Отдаешь навсегда - Герчик Михаил Наумович. Страница 29

— Ты мучилась не больше других, может, даже меньше… Но дело не в этом. Никакие муки не могут служить оправданием для принуждения. Считайся, пожалуйста, с тем, что я взрослая.

— Для меня ты всегда будешь ребенком, даже когда народишь своих детей! — Ольга Максимовна оборачивается к мужу за поддержкой.

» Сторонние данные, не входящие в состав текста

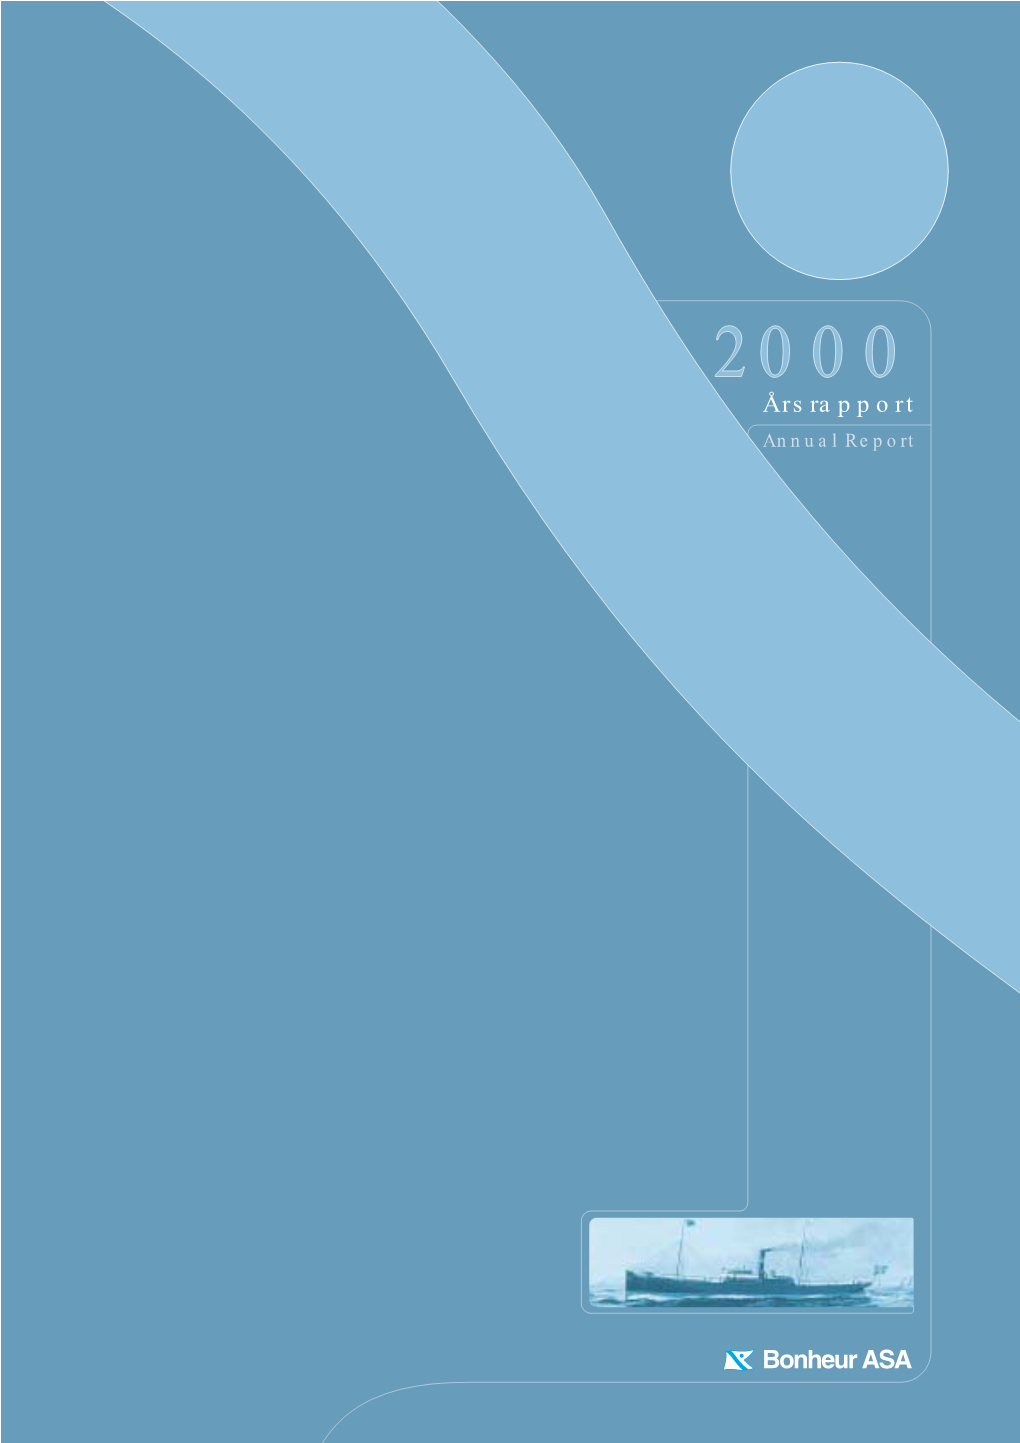 Årsrapport Annual Report Bonheur ASA – Introduksjon ASA Bonheur Cruisevirksomheten Gikk Med Overskudd I 2000

Ну, давай, полковник, вступай! Обрушь на нас артиллерию главного калибра. Что ж ты сидишь как статуй и рассматриваешь свои сапоги? Они так надраены, что я бы смог побриться, глядясь в них. Ты ни черта не увидишь в своих сапогах, полковник, или ты не умеешь говорить так плавно и округло, как твоя жена? Тогда валяй попросту: «смирно!», «равнение на середину!», «шагом…» Это не беда, что я не был солдатом, я знаю команды. Но ведь меня и командами не проймешь, я не какой-нибудь зеленый салага, я стреляный воробей… Или ты все-таки понимаешь кое-что, полковник, чего не понимает твоя жена, не за одну лишь выправку дали тебе, наверно, столько боевых орденов — еле колодки на кителе вмещаются… Ты ж воевал, полковник!.. Подумай, а что было бы с тобой, если б тебя вот так изувечила война, как меня? А ведь тебя могло изувечить, на войне не разбираются, пуля или осколок, в чье тело впиться, и никакой тут твоей заслуги нет, что вот ты сидишь, как огурчик, это тебе повезло просто, но не всем же так везло на этой войне… Если бы мы с Димкой не нарвались на мину, твоя жена не смотрела бы сейчас на меня, как на лютого своего врага, все было бы совсем иначе… А ты знаешь, полковник, может, я и не прав, но она не приехала бы к тебе, если бы ты из ядреного, налитого кочана превратился в обглоданную кочерыжку. Боюсь, что не приехала бы она к тебе и письма не написала бы… А может, я напраслину возвожу на нее? Может, я, как та Инка, кричу и не слышу собственного голоса, ослепленный только своим горем?… Все равно, даже если я ошибаюсь, неужели ты предашь меня, товарищ полковник, Лидин отец… У меня ведь нет отца, он погиб. Может, рядом с тобой шел он в ту свою, последнюю атаку… Как ты смеешь молчать, когда мягкий, грудной голос Ольги Максимовны вновь рвет меня в клочья, как осколки проржавевшей мины в реденьком осеннем лесу?!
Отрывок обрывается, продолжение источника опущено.